Когда машина выехала из Спасских ворот и покатила к Ильинке, Лаврентий Павлович обернулся и очень внимательно оглядел часть кремлевской стены правее Мавзолея. Сам по себе зиккурат посреди площади был ему безразличен, хотя и уродство, конечно, – он бы не допустил, но стоять на нем в холодную погоду Берия не любил: приходилось кутать горло кашне, задиравшем подбородок и натиравшем шею. В прекрасно полированных стеклах пенсне Лаврентия Павловича семипалатинским взрывом отраженно пыхнули кремлевские звезды.

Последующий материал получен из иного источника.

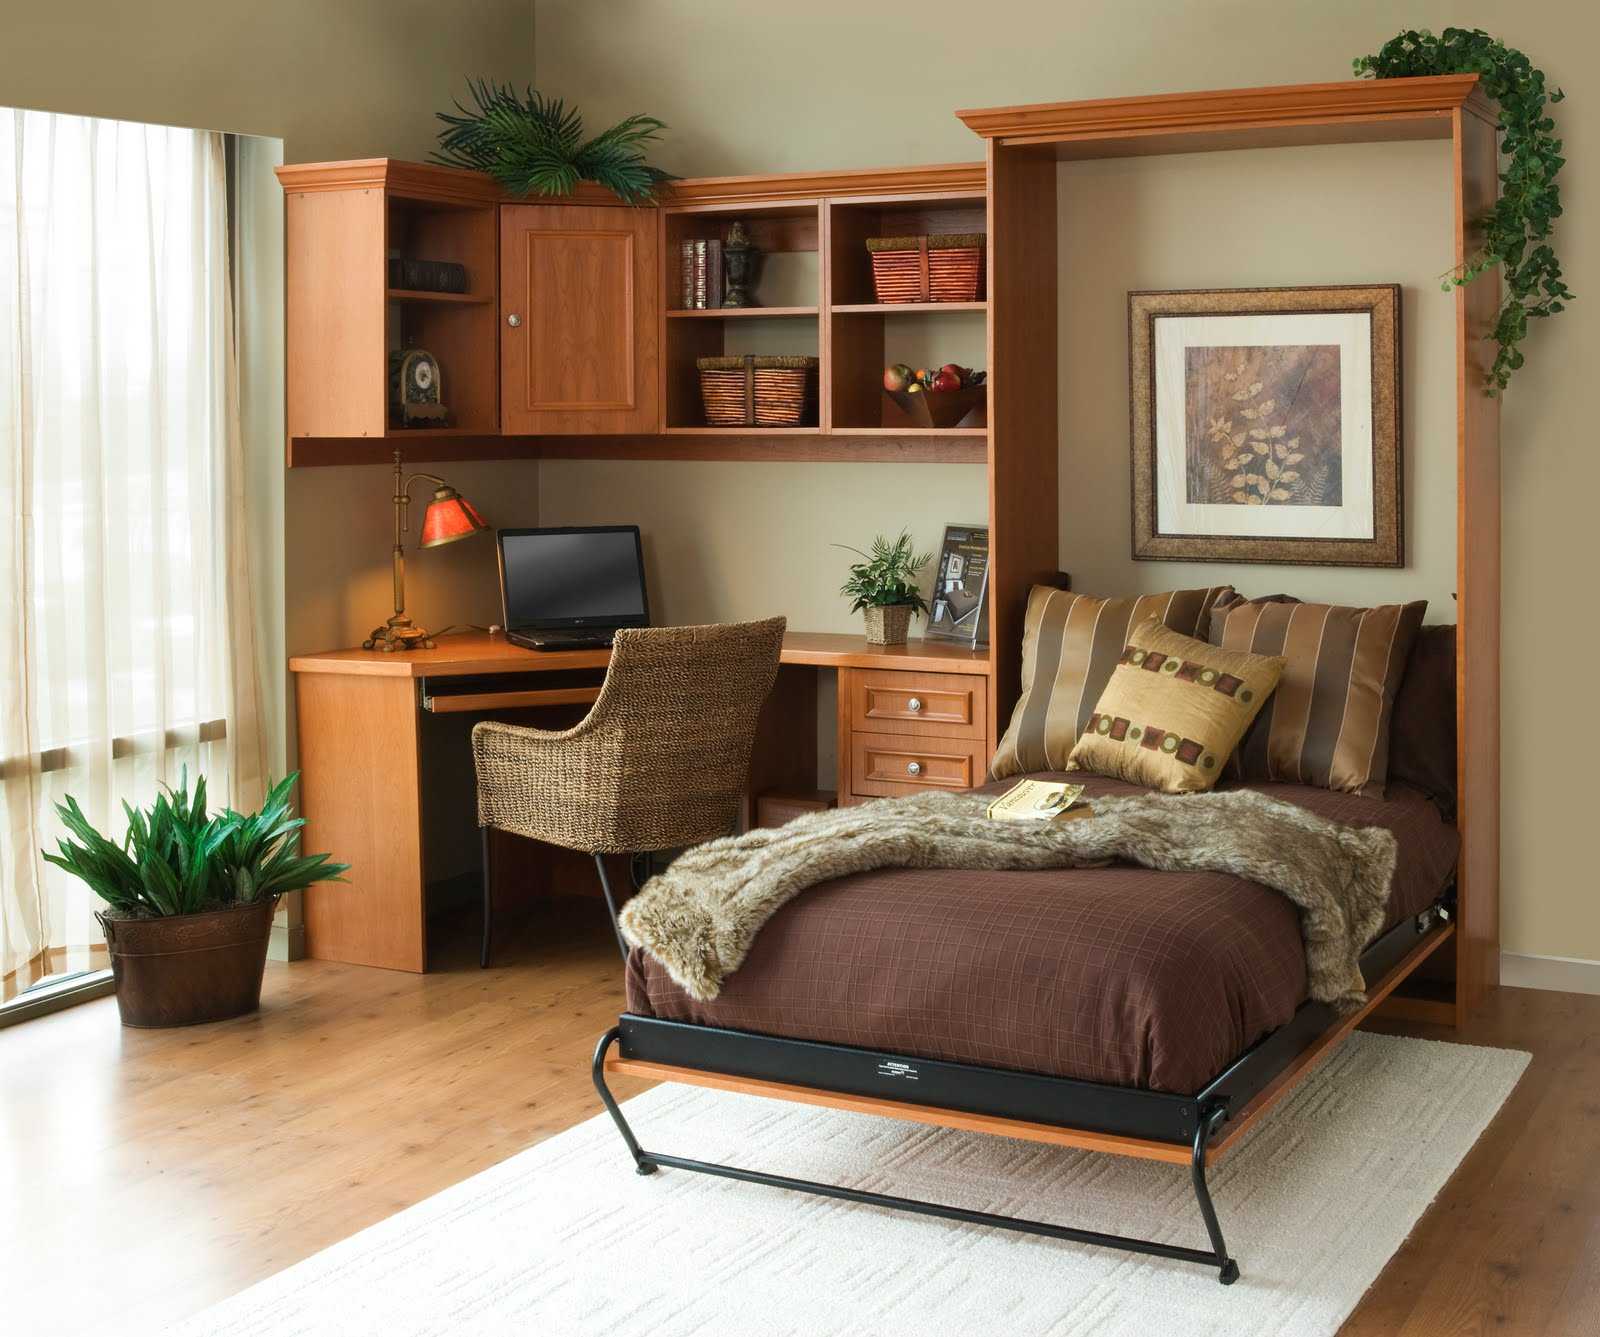 Расстановка мебели в маленькой квартире: практичный дизайн

Поздним уже вечером того самого угрюмого февральского дня, когда Эренбург побывал у Маленкова и испросил себе последнее желание, at hard day's night, раз уж на то пошло, будущий создатель эпохального оттепельного трехтомника гнобился в творческих пароксизмах над пишущей машинкой, сочиняя письмо Сталину. За окном кабинета, как черничный кисель по белой крахмальной скатерти, была разлита по сугробам и белым от снега крышам густая и клейкая морозная тьма. «А жалко, что тьма – не египетская», – подумал Илья Григорьевич и усмехнулся даже, вспомнив про Моисеевы мытарства; вот только «казни египетские» грозили в этот раз не коренному населению, а Божьим избранцам, – тутошний фараон намного превосходил библейского крутизной повелений и памятливым контролем их исполнения. Уже несколько часов, после плотного обеда (ужасные неприятности только подстегнули аппетит) и даже небольшого стаканчика водки (повод успокоить нервы был более чем достойный) и недолгого лежания на уютном карельской березы диване под отличным – мягким, тонким и теплым – шотландским пледом Эренбург пытался так сформулировать свой отказ подписать страшное письмо, чтобы не дать оснований законопатить его на Лубянку, не дожидаясь принятия «готовящихся решений». Выходило пока плохо, совсем, честно говоря, не выходило, не получалось – и все. Надо было возражать не возражая, протестовать не протестуя, отказываться – соглашаясь, вдохновляться было нечем, – хороший виргинский табак в трубке потрескивал, но удовольствия от курения не было, только кашель надсаживал слабеющую уже впалую грудь. Кому возражать – Сталину, что ли? Ага, вот-вот, так и надо, вот как надо – мол, утаивают от вас, дорогой Иосиф Виссарионович, всю полноту информации по этой сложнейшей проблеме, а тут такое может завертеться – ого-го! Господи, ну зачем это все, да плевал он и плевал на его писанину, надо ему брать в расчет, что кто-то там не согласен… Раздавят, как божью коровку… Что же писать-то? Трещанье дверного звонка Эренбург сначала воспринял отстраненно – ну кто это мог бы быть так поздно? И только сообразив, что открывать некому – он был дома один, и домработница ушла давно, он понял, что это пришли за ним, да и чего стоило ожидать, конечно – за ним. Ну что же – вот догнало и его.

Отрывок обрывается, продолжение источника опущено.